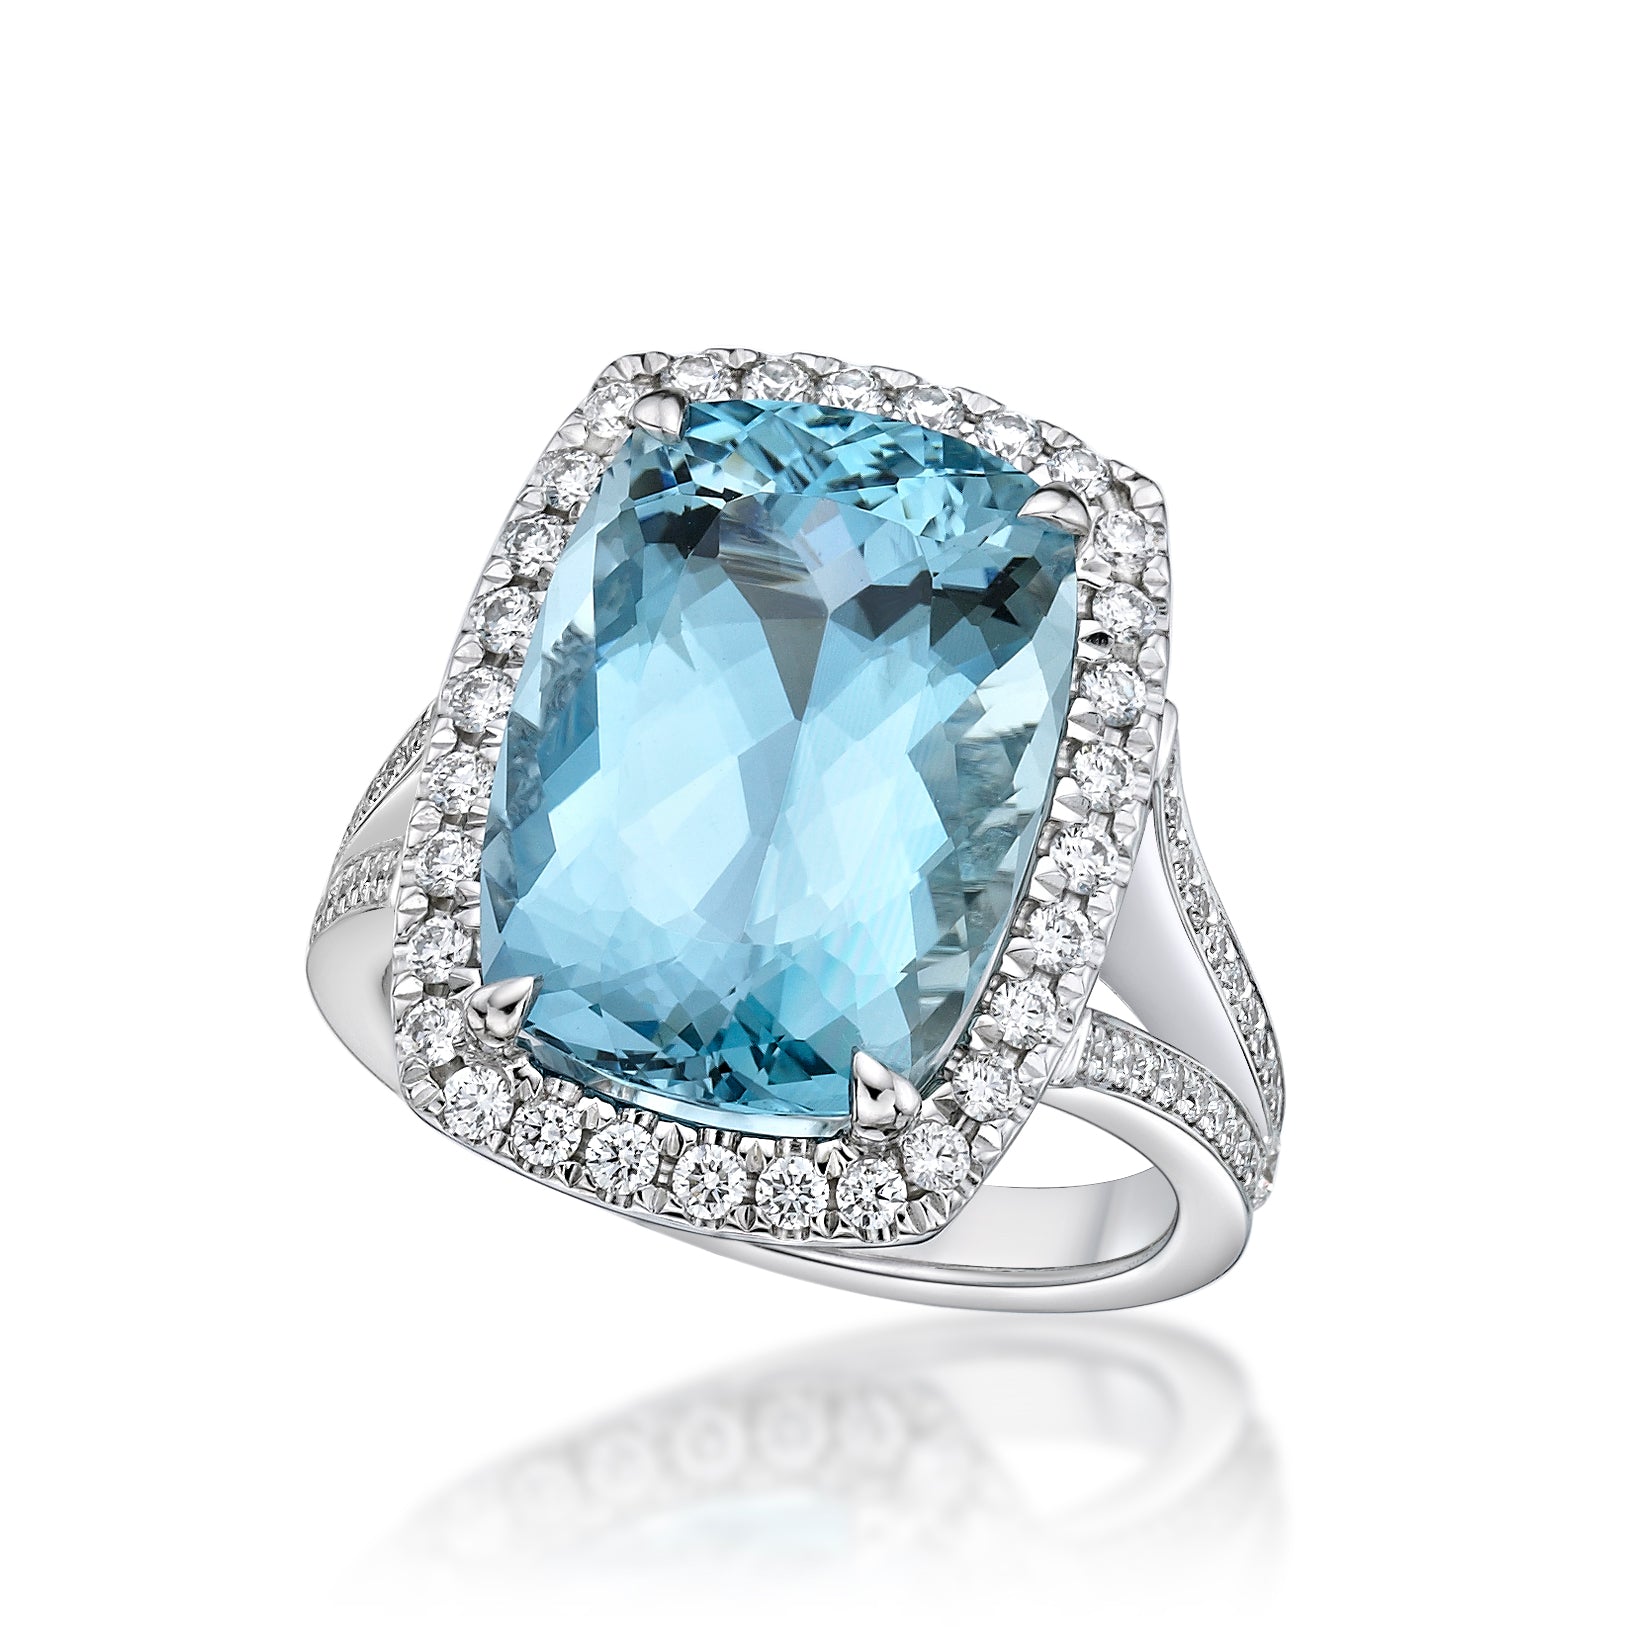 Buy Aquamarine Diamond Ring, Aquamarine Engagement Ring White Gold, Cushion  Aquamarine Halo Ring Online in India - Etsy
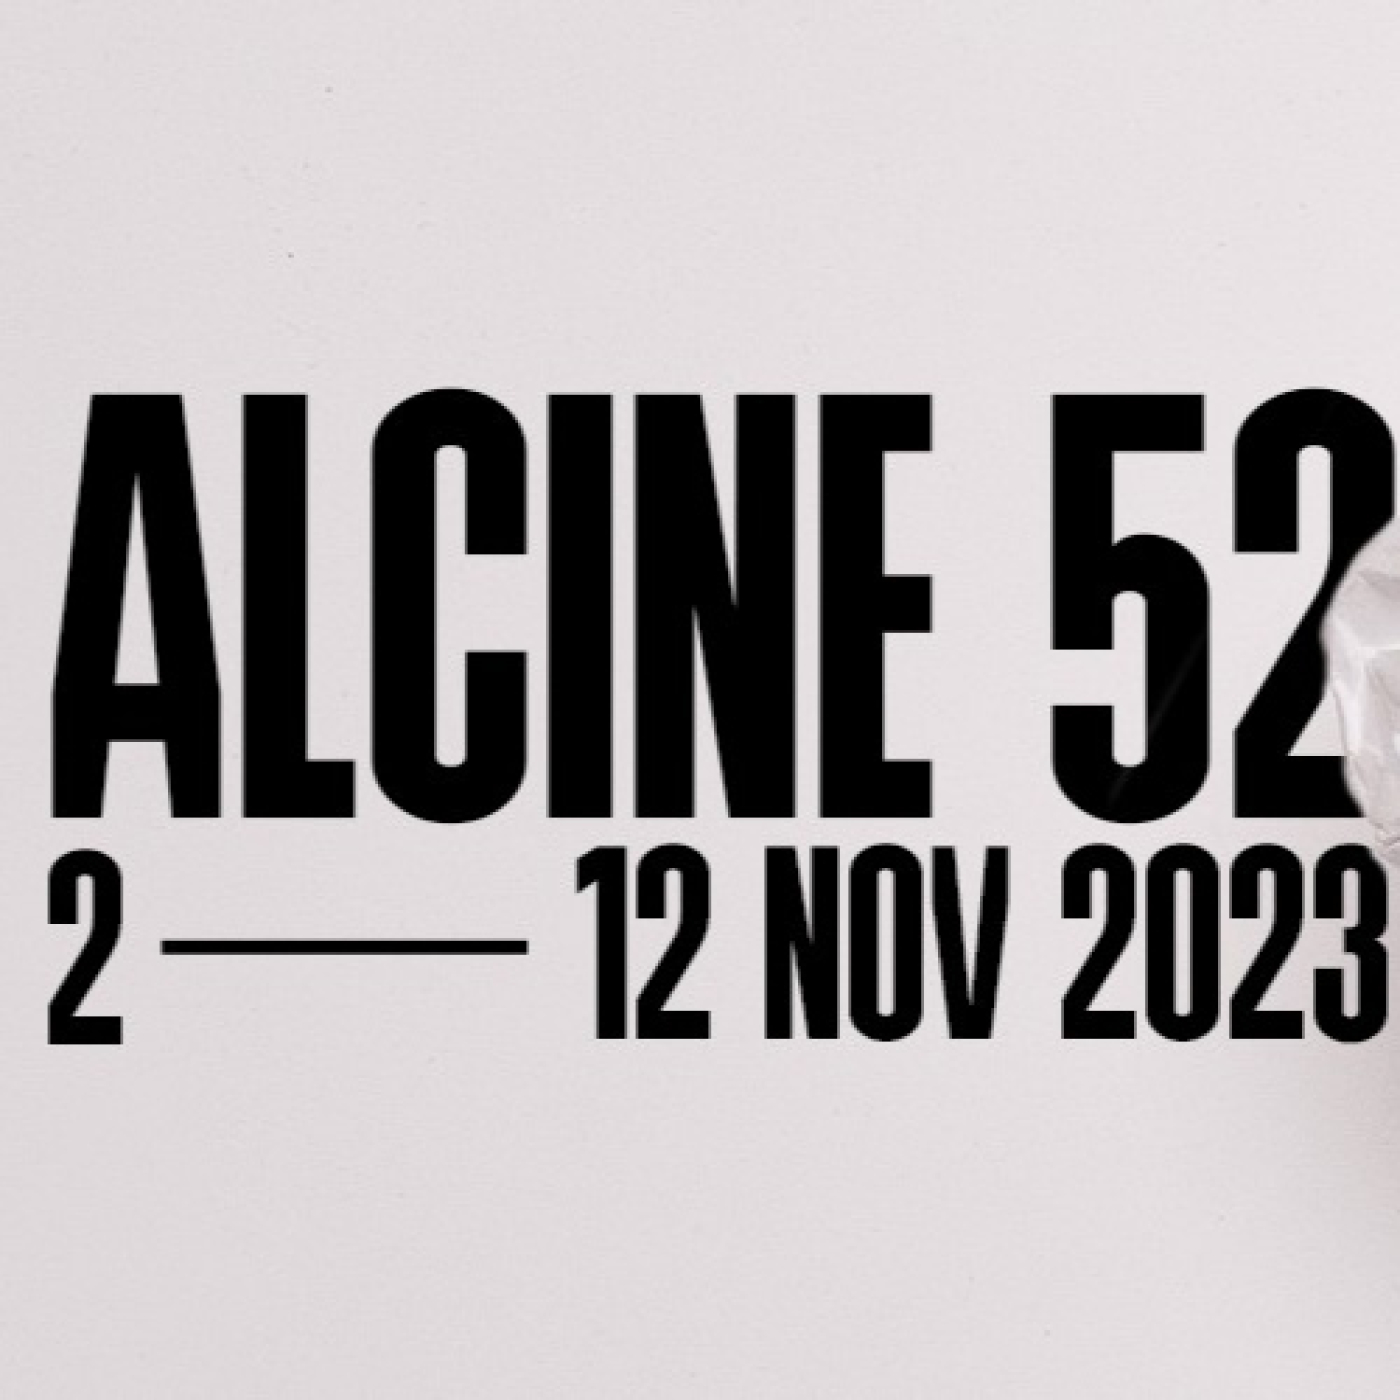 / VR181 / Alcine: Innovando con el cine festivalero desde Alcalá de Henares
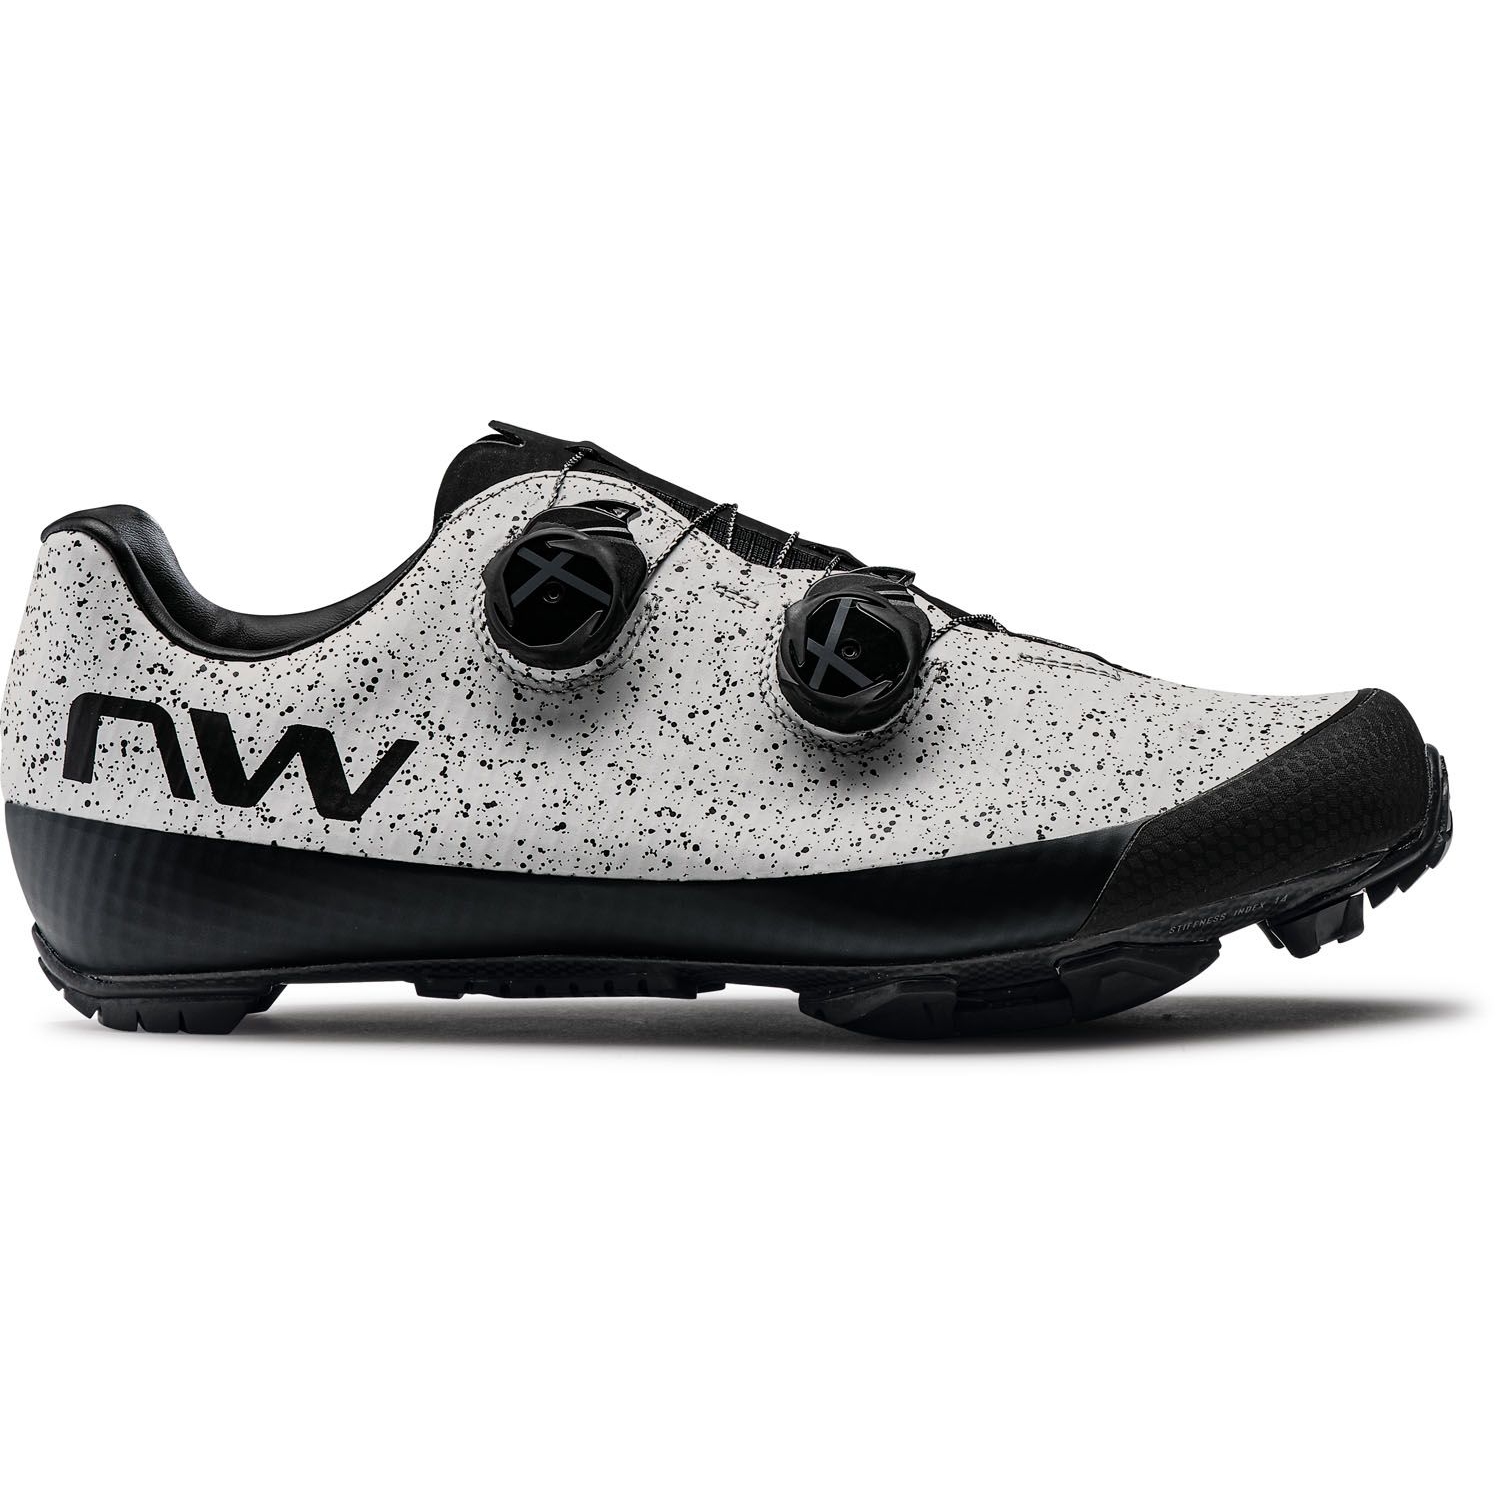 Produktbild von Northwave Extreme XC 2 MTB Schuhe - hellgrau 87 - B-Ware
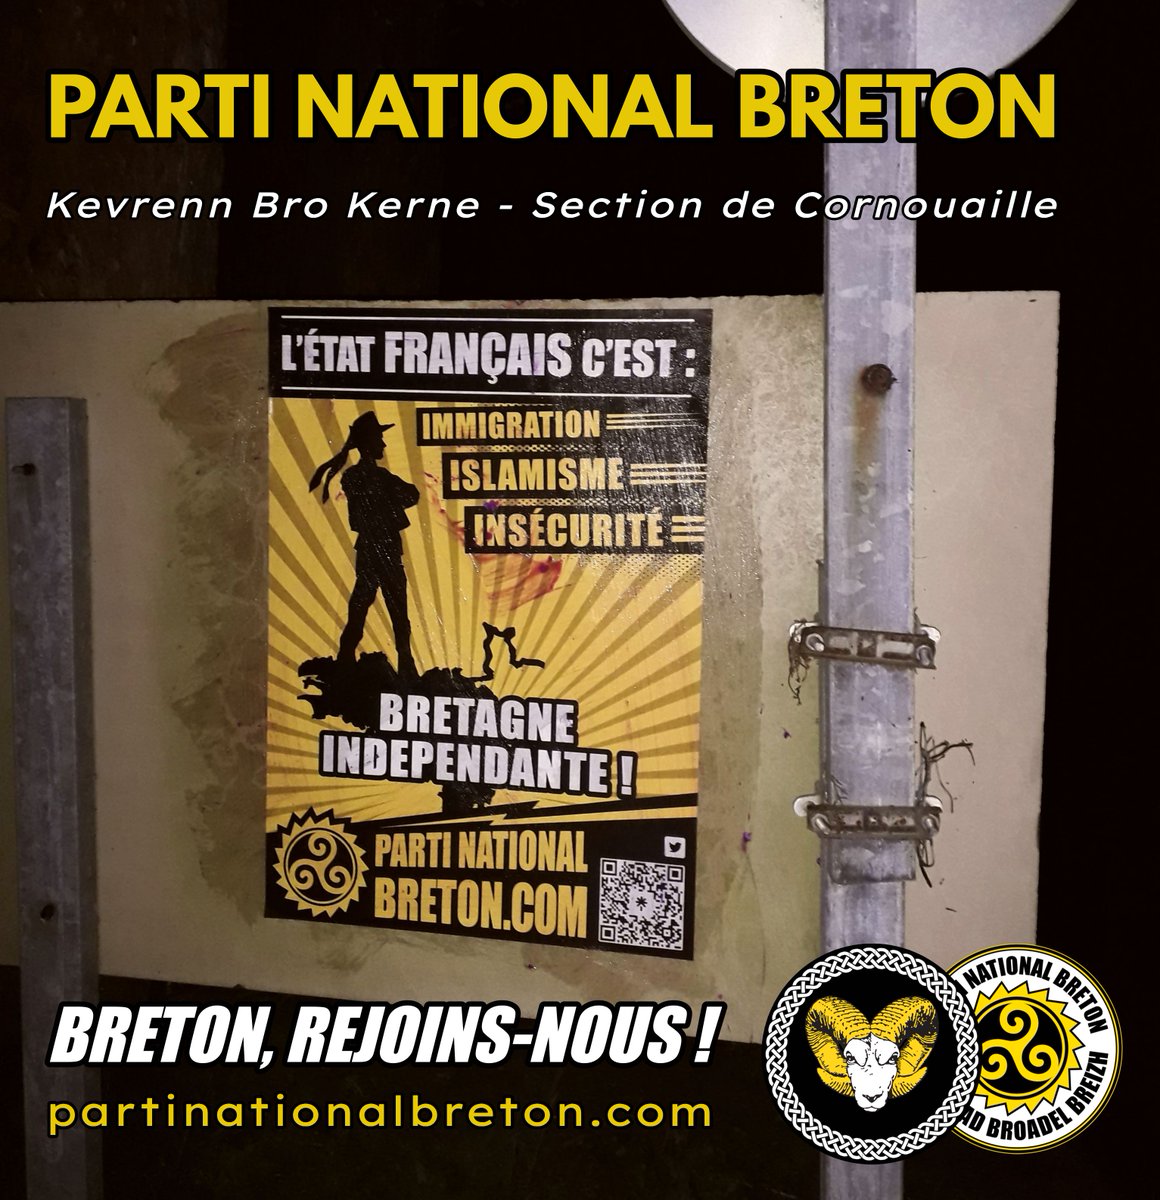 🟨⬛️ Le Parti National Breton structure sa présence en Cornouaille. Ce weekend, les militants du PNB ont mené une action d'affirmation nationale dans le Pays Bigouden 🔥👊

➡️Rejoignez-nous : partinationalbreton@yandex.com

● ● ● ● ● ● ●

◆ Directions for this task: Restate the listing above word for word, and skip the pictures.

◆ Finished task:
 Buy Aquamarine Diamond Ring, Aquamarine Engagement Ring White Gold, Cushion  Aquamarine Halo Ring Online in India - Etsy
 / VR181 / Alcine: Innovando con el cine festivalero desde Alcalá de Henares
 Produktbild von Northwave Extreme XC 2 MTB Schuhe - hellgrau 87 - B-Ware
 🟨⬛️ Le Parti National Breton structure sa présence en Cornouaille. Ce weekend, les militants du PNB ont mené une action d'affirmation nationale dans le Pays Bigouden 🔥👊

➡️Rejoignez-nous : partinationalbreton@yandex.com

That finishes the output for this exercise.